Attitudes and Processes in the Great Turning Movement

This article is based on my ideas about the Great Turning Movement. If you aren’t familiar with them, click here.

In the social movement for the Great Turning, we need to integrate the following two poles:

1. Each person and group will choose the actions they feel called to take based on their passion and their understanding of their life purpose.

2. The movement is coherent and works together for its larger goal.

The movement will need to have play, dancing, singing, art, storytelling, theater, meeting in nature, and other fun activities. so that we will love being part of it. I imagine that being in the movement will be joyful and deeply satisfying.


I believe that the movement must be spiritual. I see the widespread interest in experiential spirituality today as an indication that it will be part of the new culture that is emerging in this next era of social evolution. Up until recently, for most people, spirituality meant following a set of religious rules or ethics, while experiential spiritual practice was relegated to the few monks and nuns at the mystical core of each religion. Now spiritual development is becoming democratized, with large numbers of people participating.

Joanna Macy’s work is a great model for including spirituality in activism. Some indigenous groups have also shown us how this can be done, as happened at Standing Rock.
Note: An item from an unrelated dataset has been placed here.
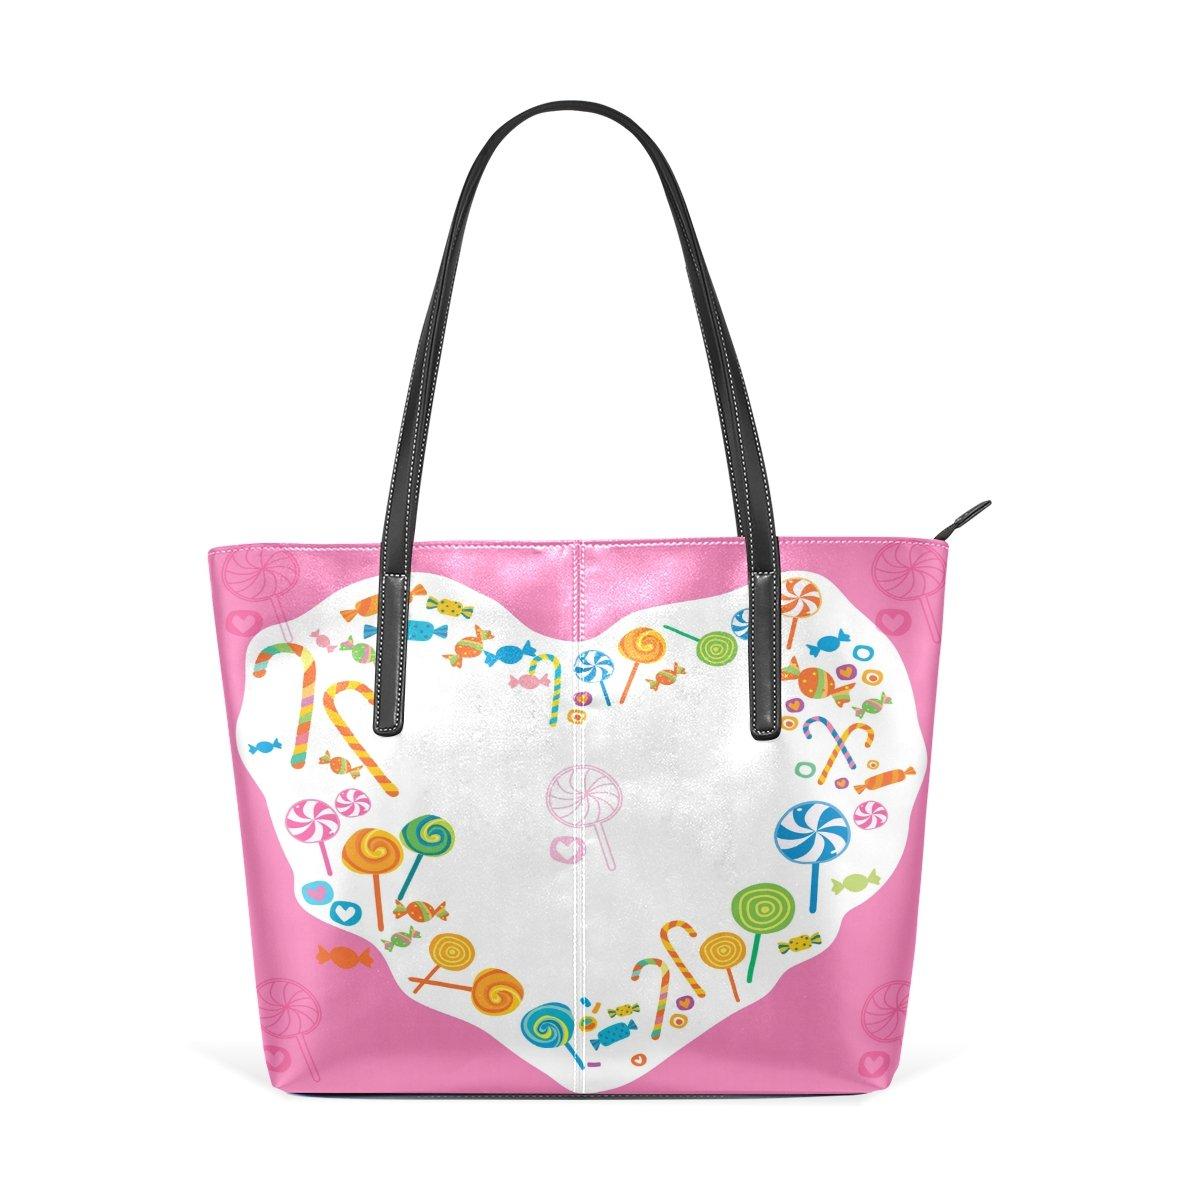 Women Leather Handbags Love Candies Top Handle Shoulder Bags

Spirituality often includes having some sense of a higher power or deep source where we are all interconnected in love. It means being open, caring, loving, conscious, and present, and not rigidly attached to your identity, at least some of the time. The movement won’t foist spirituality or religion on anyone. People will be free to relate to spirit in their own way or not, though some Great Turning groups may be based on a certain spiritual path or religion.

Some people sense an unseen force or flow, perhaps evolutionary, which is moving us toward the Great Turning. At times, we may open ourselves to this to guide us.
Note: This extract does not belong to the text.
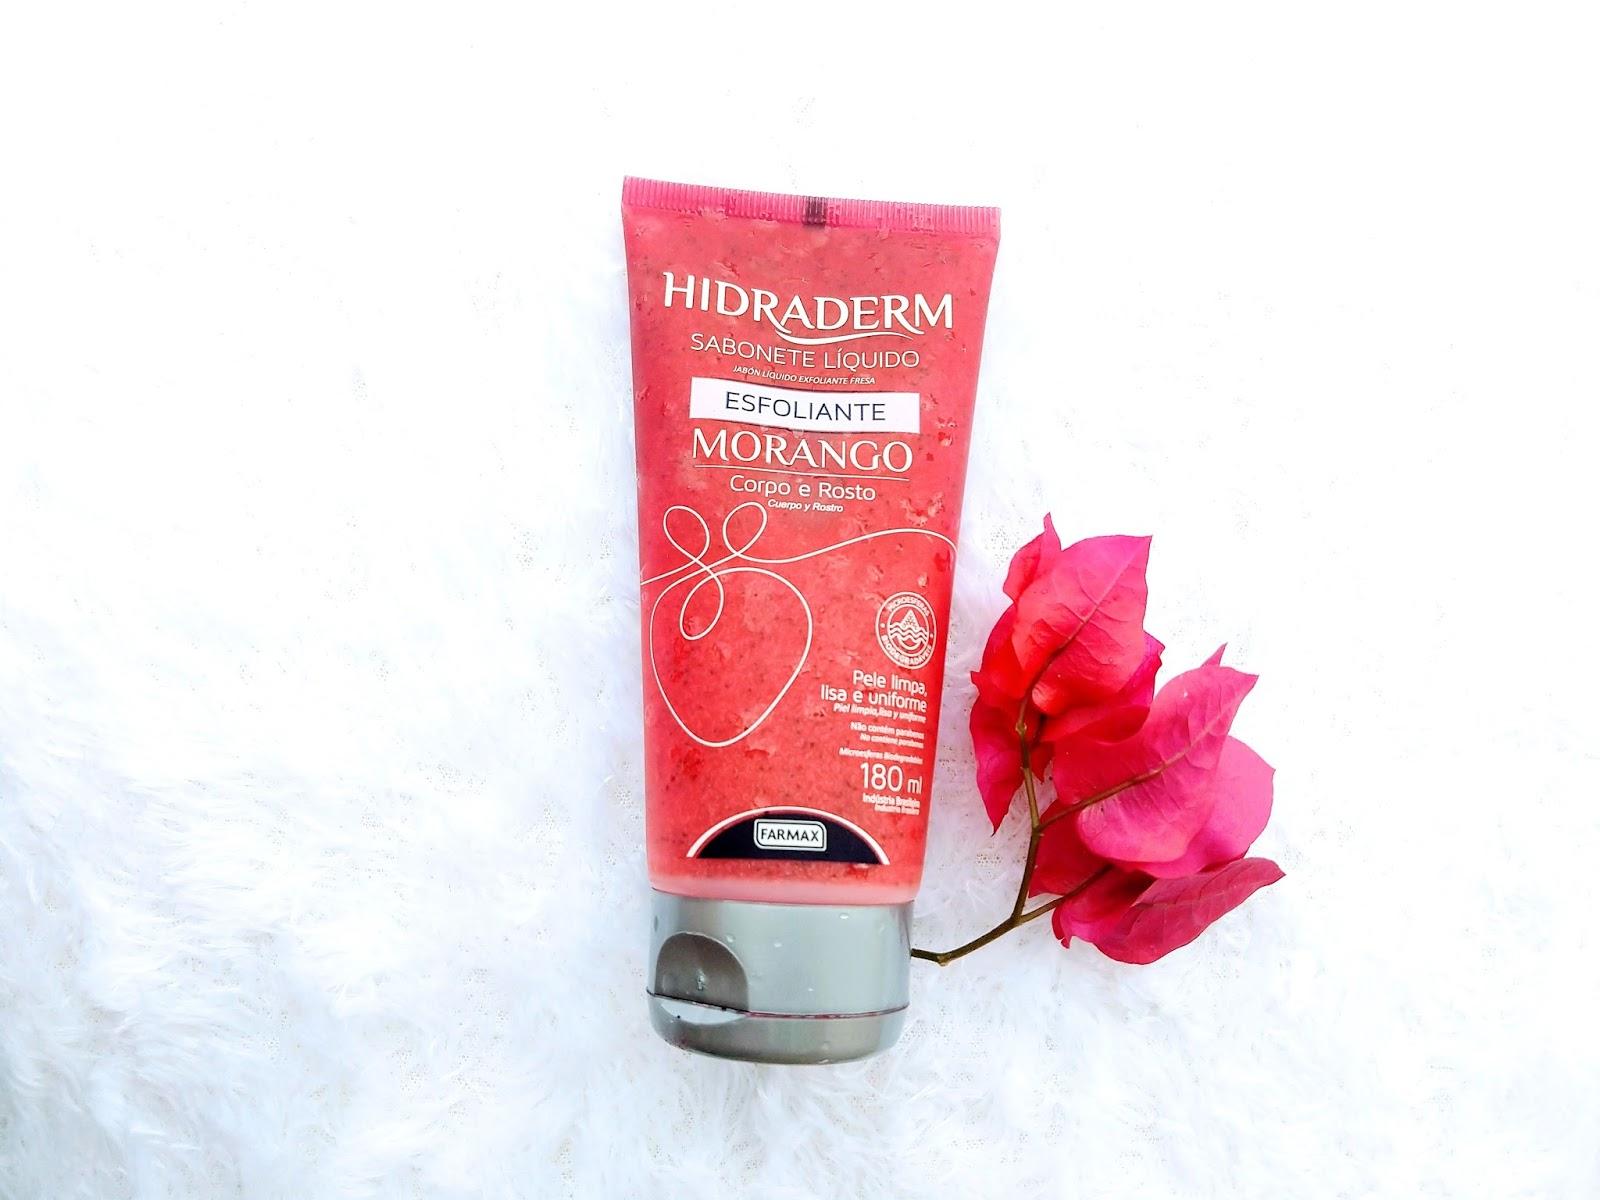 sabonete esfoliante farmax hidraderm

Ideally, we would be able to view a person who is doing harm as a human being who is struggling with life circumstances and being driven by unconscious pain. We could be open to them as people while not losing sight of destructive things they are doing that must be stopped. The same applies to people in the movement who may act in ways that harm it.

We want to avoid unnecessarily making other people into enemies in our minds. On the other hand, we need to recognize when someone is truly an enemy of the movement and life, where it would be foolish to try to cooperate with them.
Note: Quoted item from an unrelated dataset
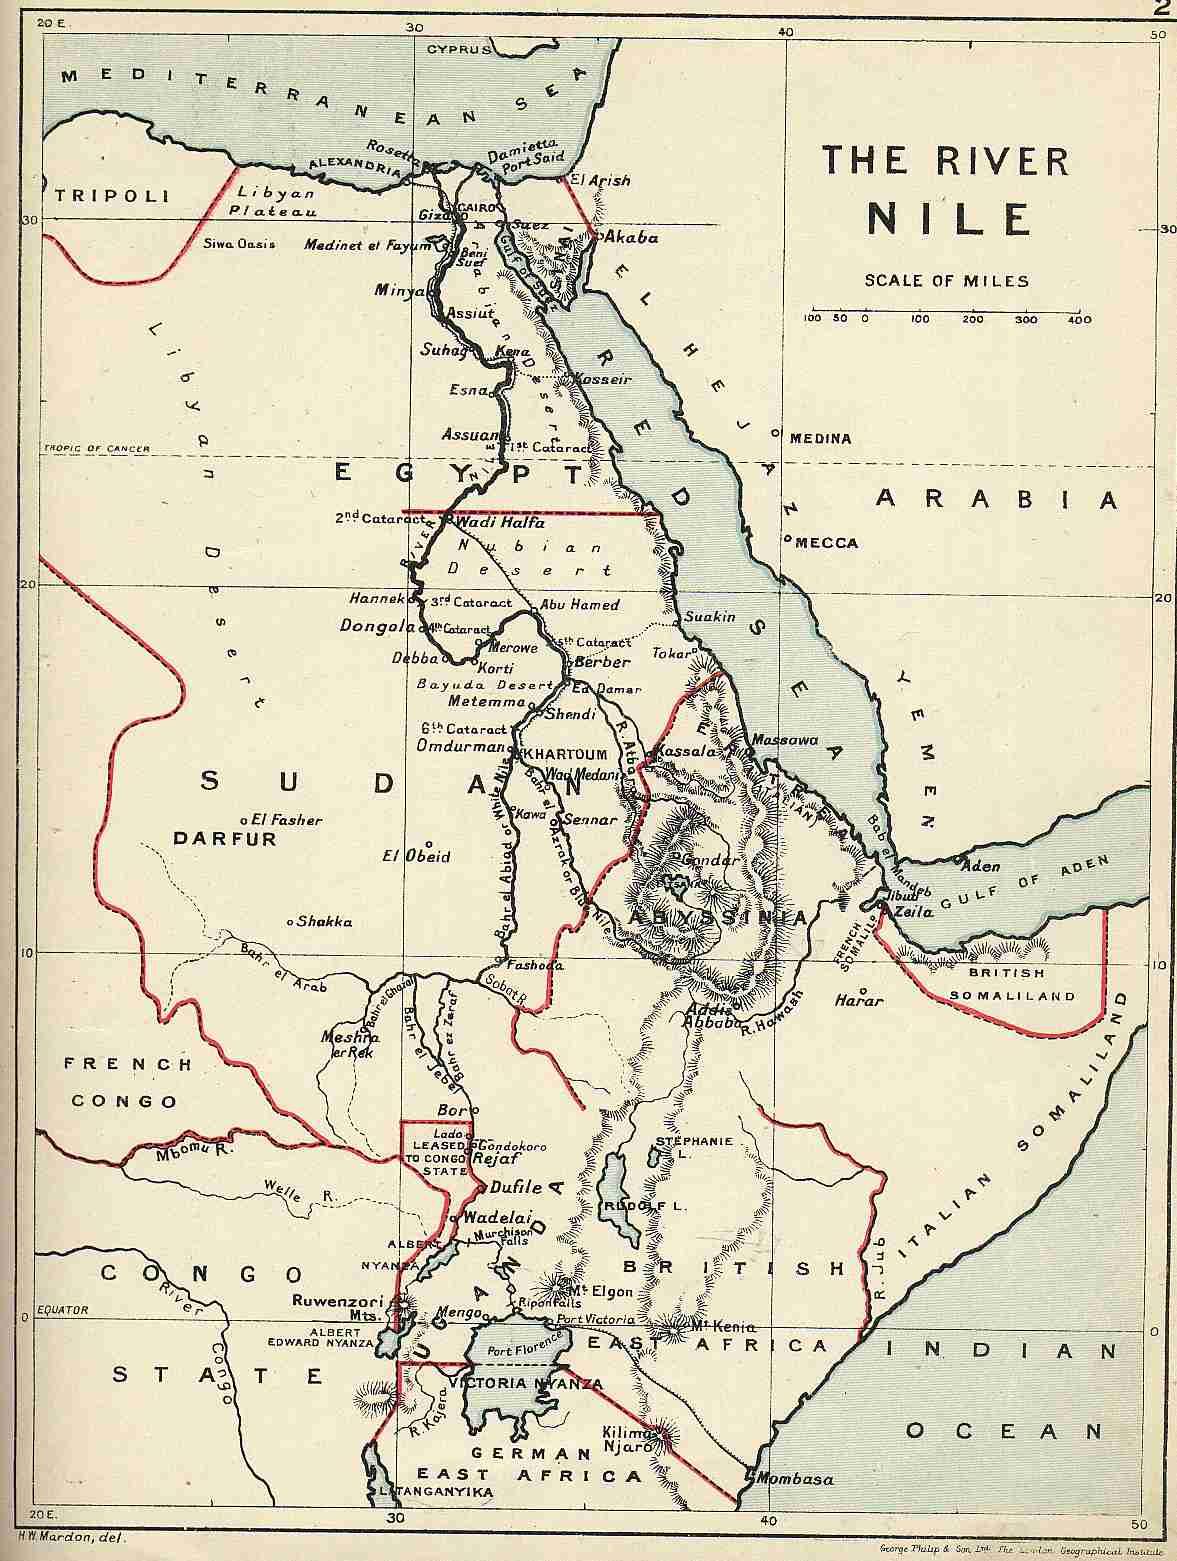 Life of a Diplomat: Bridge Over River Nile

Not only do we need to be open to experimenting with various proposed structures for a regenerative society, we also need to experiment with different ways for the movement to operate and strategies for reaching our goals. In this proposal, I am laying out my ideas for how this might work best, but I don’t imagine that these will be final. There will be much discussion within the movement aimed at coming up with the most effective approaches and structures for various situations. But even beyond discussion, we must try out different ideas to see what works.

For example, I have focused a lot on Great Turning groups and personal development of change agents, changing people’s worldviews and consciousness, and the creation of alternative social structures. One of my colleagues, Michael Goldstein, has focused more on political goals, local chapters, and the movement taking power. For a while, these differences were resolved by discussion, but now Michael has left the Great Turning Network. However, we continue to meet and discuss ideas. Unlike those old radical splinter groups that disdained each other, we will keep in touch, learn from each other, and see which approaches work best under which circumstances.